Organizational Cybersecurity Governance

That’s where policies, procedures, plans, and governance come into play. 

Policies

Policies define the organization’s expectations and who in the organization is responsible for ensuring those expectations are met. For example, one policy might be:

Employee Terminations: The HR director shall notify the CISO via E-mail no later than 10:00 AM of all terminations that are expected to be effective that day and the time(s) at which the terminations are to be effective. The CISO shall ensure that all terminated employees’ access is revoked within 15 minutes of the effective termination time.”

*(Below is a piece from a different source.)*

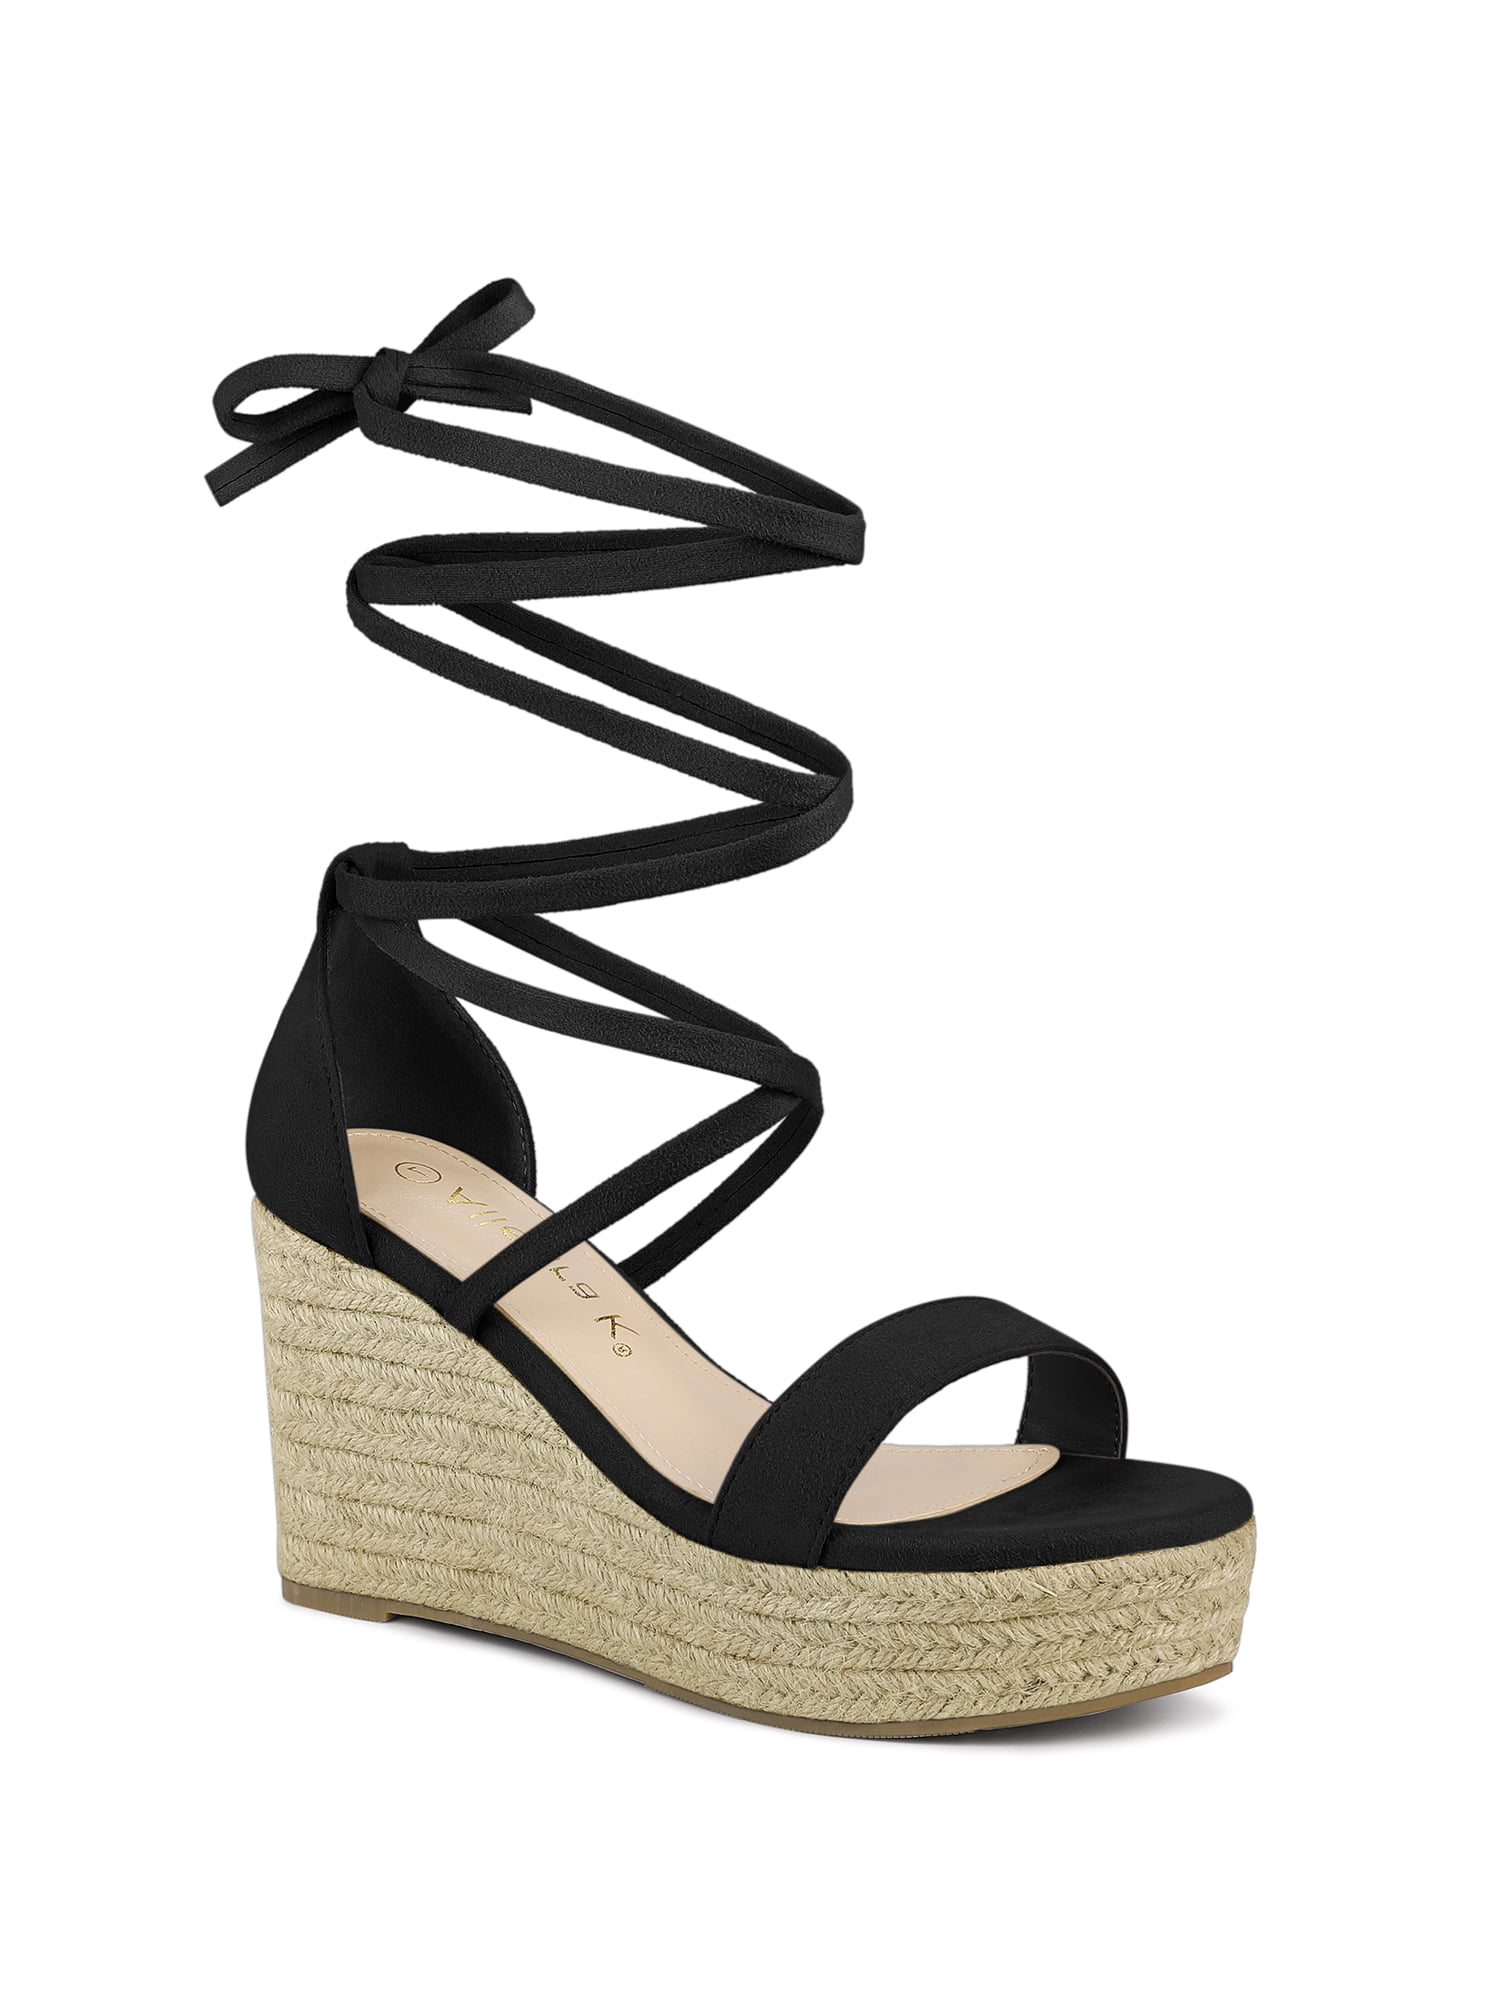 TOPSHOP HARI Espadrille Wedge Wedges Sandals Shoes Size UK 3 4 5 6 7 8 FREE P&P 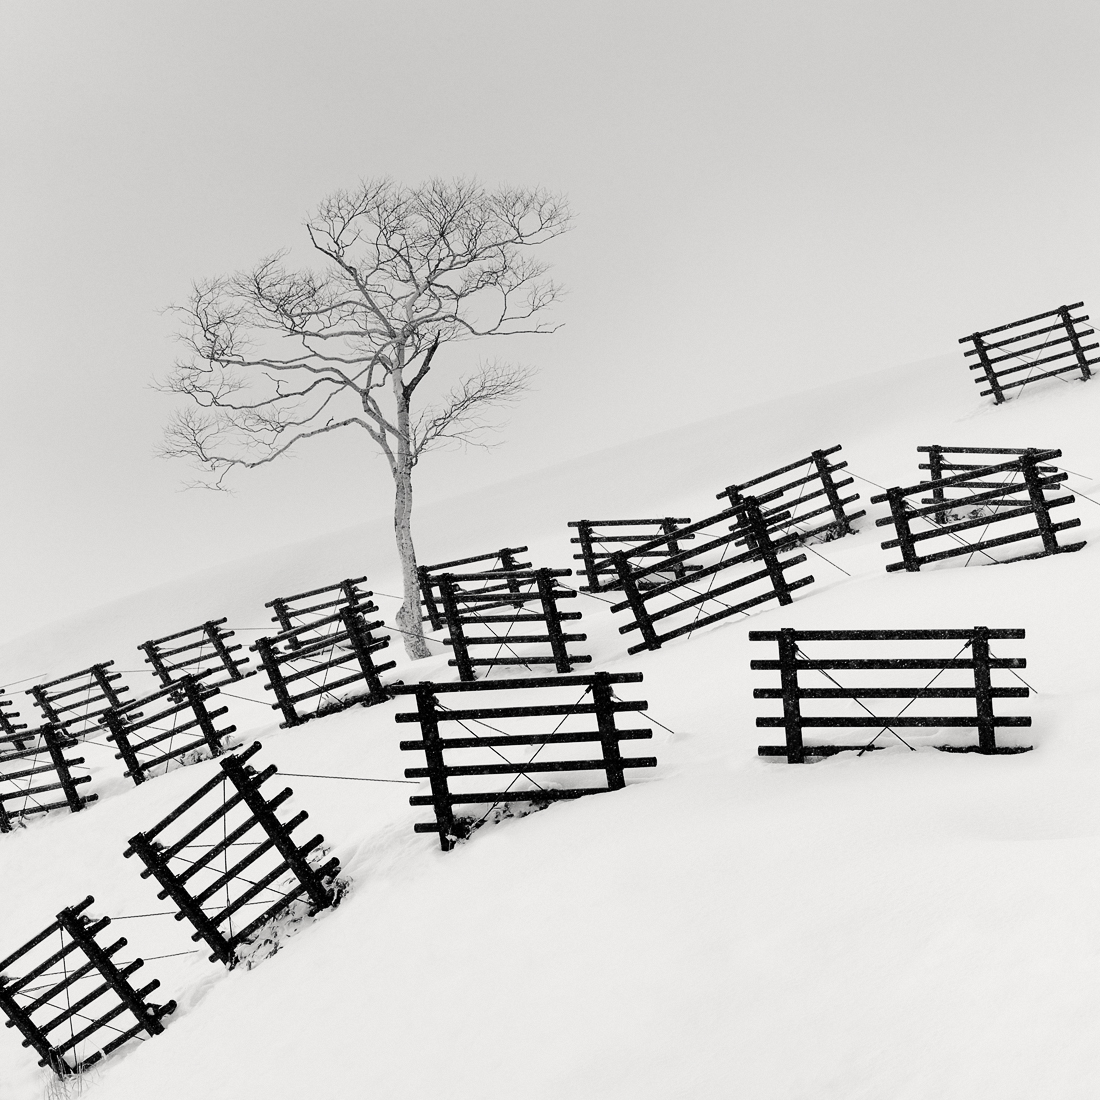 Snow Fences

Clearly defining the roles, responsibilities, and expectations ensures everyone in the organization knows how they are expected to respond.

Procedures

Procedures are proactive and tell those named in the policy exactly how to meet the organization’s expectations when it comes to events that occur on a routine basis. They also serve to document the steps that should be followed if the responsible person is not available (e.g., they leave the organization). This helps ensure consistency, continuity, and a more rapid response. For example, a procedure for the policy described above could read:

Revoking Access: To revoke system access for terminate employees:

  1. Open https://portal.office.com in a browser.
  2. Login using administrator credentials.
  3. Open the Administrator console.
  4. On the left-hand side of the screen, click on Users, Active Users.
  5. In the Active Users list, click on the user being terminated.
  6. Click block sign-in.
  7. On the following screen, place a check in the “block this user from signing in” checkbox, then click the Save Changes button.
  8. Repeat for all terminated users.
  9. Send E-mail to HR director confirming that the users are blocked from signing into their accounts.”

Plans

Plans are reactive and define how your organization expects to respond to unusual or unpredictable events. For example, an incident response plan should describe how the organization expects to respond to a cybersecurity incident. Because the exact nature of the incident can be difficult to predict, plans often have more ambiguity than procedures. Nonetheless, they should define the individuals or roles, their respective responsibilities, and the steps to be followed (as much as possible) much like a procedure.

Governance

Governance provides independent validation that the policies, procedures, and plans are all being followed. It should also provide an escalation path for any anomalies. This helps ensure cybersecurity is properly embraced throughout the organization. For example, a sample governance practice for the terminated employee scenario described above might read:

Terminated Employee Access Review: On the first business day of each month, the CISO shall provide the HR director with a list of all employees with active accounts in the system. The HR Director’s delegate shall review the active account list to ensure that only current employees have access to the system. The HR Director shall report all discrepancies to the CEO.”

Summary

Cybersecurity is an ever-growing and changing field, and there are differences of opinion about how best to protect an organization. Some argue that technology is the only way to protect the organization. Others say organizations must focus on compliance, rather than technology. Both are wrong…and right. The best way to achieve a strong, effective cybersecurity program is to ensure you have the technologies in place to protect your critical assets and the policies, procedures, plans, and governance in place to ensure the technologies are used correctly.